In an implementation, a recognition rate at each exit point may be further determined based on the input data frame rate of the artificial intelligence model and a size of data output at each exit point. The recognition rate may be represented as a quantity of video frames on which the artificial intelligence model performs inference per second.
Step 606: The network device sends second indication information to the terminal device and/or the application server, where the second indication information indicates the at least one exit point.
Step 606 is described by using an example in which the network device is an execution entity. During actual application, step 606 may alternatively be performed by the CMF, the CU, or the DU in the network device, or may be performed by the application server. This is not limited in this application.
In an implementation, when the CMF in the network device performs this step, the CMF in the network device may send an edge resource control protocol layer message to the terminal device and/or the application server, where the edge resource control protocol layer message carries the second indication information.
In an implementation, when the CU in the network device performs this step, the CU in the network device may send a radio resource control message to the terminal device and/or the application server, where the radio resource control message carries the second indication information.

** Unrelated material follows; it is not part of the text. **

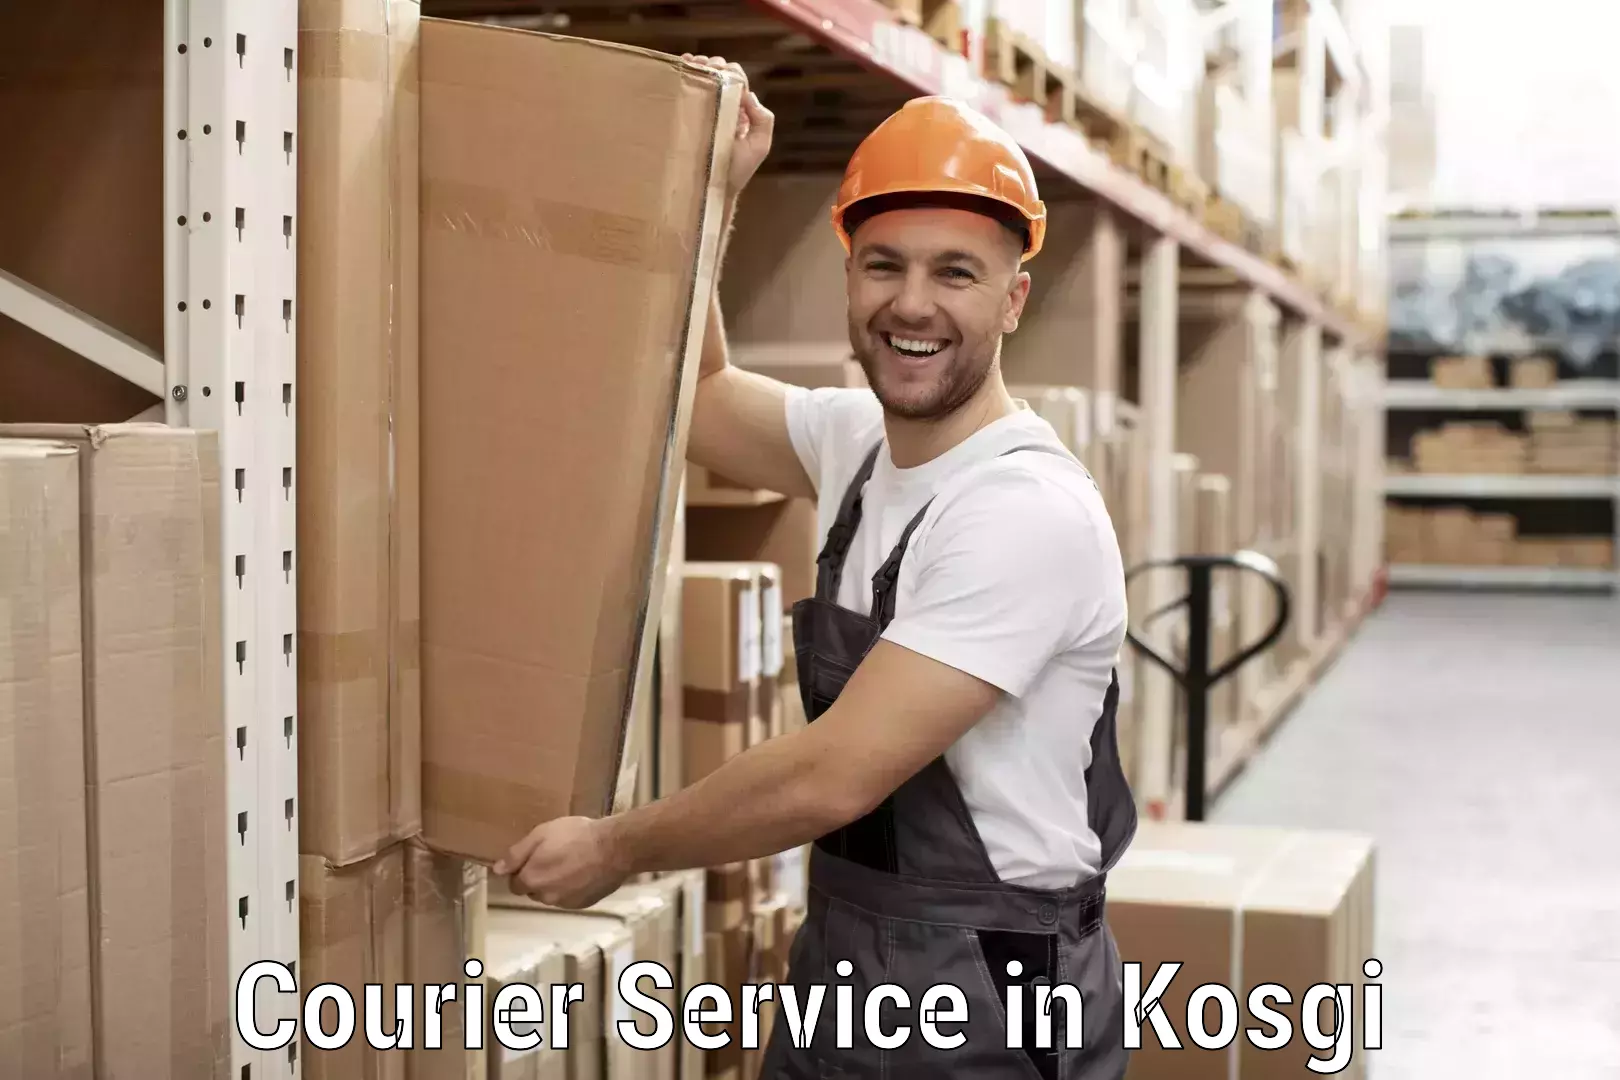 E-commerce fulfillment in Kosgi

In an implementation, when the DU in the network device performs this step, the DU in the network device may send MAC CE signaling to the terminal device and/or the application server, where the MAC CE signaling carries the second indication information.
In an implementation, when the CMF in the network device performs this step, the CMF in the network device may send non-access stratum signaling to the terminal device and/or the application server, where the non-access stratum signaling carries the second indication information.
In an implementation, when the application server performs this step, the application server may send the second indication information to the terminal device.
The network device may further indicate other information to the terminal device and/or the application server, for example, indicate a recognition rate at each of the at least one exit point. In this way, when selecting an exit point actually to be used from the at least one exit point, the terminal device or the application server may consider a recognition rate, for example, select an exit point with a high recognition rate.
According to the foregoing method, an exit point is determined based on the network state information, the artificial intelligence model attribute information, or other information, so that the determined at least one exit point can meet performance indicators such as a transmission rate, channel state information, power consumption, and a latency. In this way, when the artificial intelligence model is executed based on a selected exit point, resource consumption needed for executing the artificial intelligence model is reduced, and a requirement of an artificial intelligence model computing service is better met.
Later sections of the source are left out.